I still see that some are quite confused on our sitee and are having trouble finding my article/thread which is located at the top of this page. 

We still have those who believe (decline presses build saggy lower pecs) and that (concentration curls add peak to the biceps)??????   

 Theres a lot of work to done here but thats the very reason I offered to come help with this site free of charge.

I sometimes wonder who started all these rumors?? Some still believe in spot reduction, muscle turning to fat during lay offs, and all sorts of erroneous ideas that someone started and it just SNOWBALLED..  

Will these non-truths ever end???


----------



## Mudge (Feb 5, 2006)

Someone is always going to believe old stories.


----------



## wetnwild (Feb 5, 2006)

sorry, it is simply genetics, unless you take drugs.


----------



## mrmark (Feb 5, 2006)

I found a lot of these old stories in loads of Flex mags from the mid 90s. 

Many of them seemed to say the same, about certain bicep exercises hit the peak or mass etc.... 

It's not easy to ignore training info when written by people such as Dorian, Nasser etc...


----------



## IRON MAN (Feb 5, 2006)

wetnwild said:
			
		

> sorry, it is simply genetics, unless you take drugs.



It is mostly genetics "EVEN" if you take drugs. ..But I can take two natural or non-natural trainers and make one group bigger than the other with the proper training methods.

NOTE: I've seen it done too many times to be convinced otherwise.


----------



## IRON MAN (Feb 5, 2006)

mrmark said:
			
		

> I found a lot of these old stories in loads of Flex mags from the mid 90s.
> 
> Many of them seemed to say the same, about certain bicep exercises hit the peak or mass etc....
> 
> It's not easy to ignore training info when written by people such as Dorian, Nasser etc...



mrmark,

   Articles are written in muscle mags so they can be sold for a PROFIT not to tell the TRUTH. Thats why every month they're coming out with some new hot routine or diet promising results..

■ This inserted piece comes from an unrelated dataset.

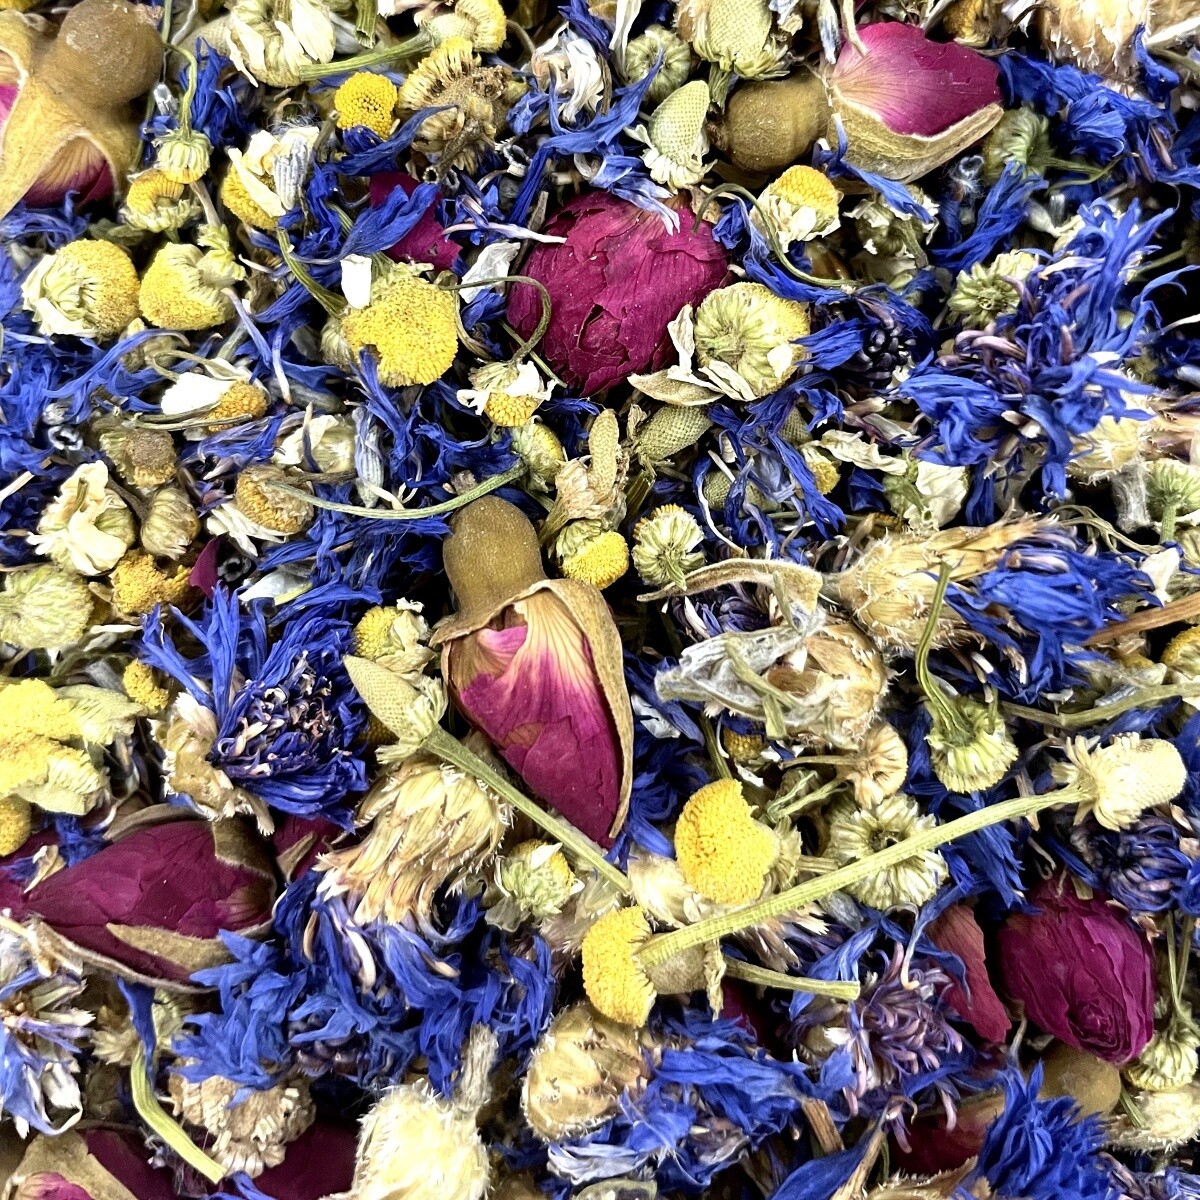 Flower Garden! Combination 1 oz - Ingredients: Cornflowers, Rose Buds, Chamomile, Lavender, Rosemary. Introducing Dried flowers to add to dry blends, fresh food, and toys! by China Prairie

NOTE: How many magazine each year could I sell with the same old IRON MAN "HIT" routine principles ??? Not many!!!!


----------



## clemson357 (Feb 6, 2006)

IRON MAN said:
			
		

> For those wanting to get a (HUGE SET OF PECS) go read post (311) in  my free pro personal training section at the top of the page...






			
				IRON MAN said:
			
		

> ....
> We still have those who believe (decline presses build saggy lower pecs) and that (concentration curls add peak to the biceps)??????
> ...




why are you putting (random parts) of your sentences (in the parethesis)?


----------



## The13ig13adWolf (Feb 6, 2006)

IRON MAN said:
			
		

> For those wanting to get a (HUGE SET OF PECS) go read post (311) in  my free pro personal training section at the top of the page and you will develop the biggest chest your genetics will allow.
> 
> I'LL GUARANTEE IT!!!!!!!!!!!!!!!!


honestly, this sounds like a horrible infomercial.


----------



## kenwood (Feb 6, 2006)

most people benchpress to just get the weight down then back up...most people dont stimulate the chest


----------



## IRON MAN (Feb 6, 2006)

The13ig13adWolf said:
			
		

> honestly, this sounds like a horrible infomercial.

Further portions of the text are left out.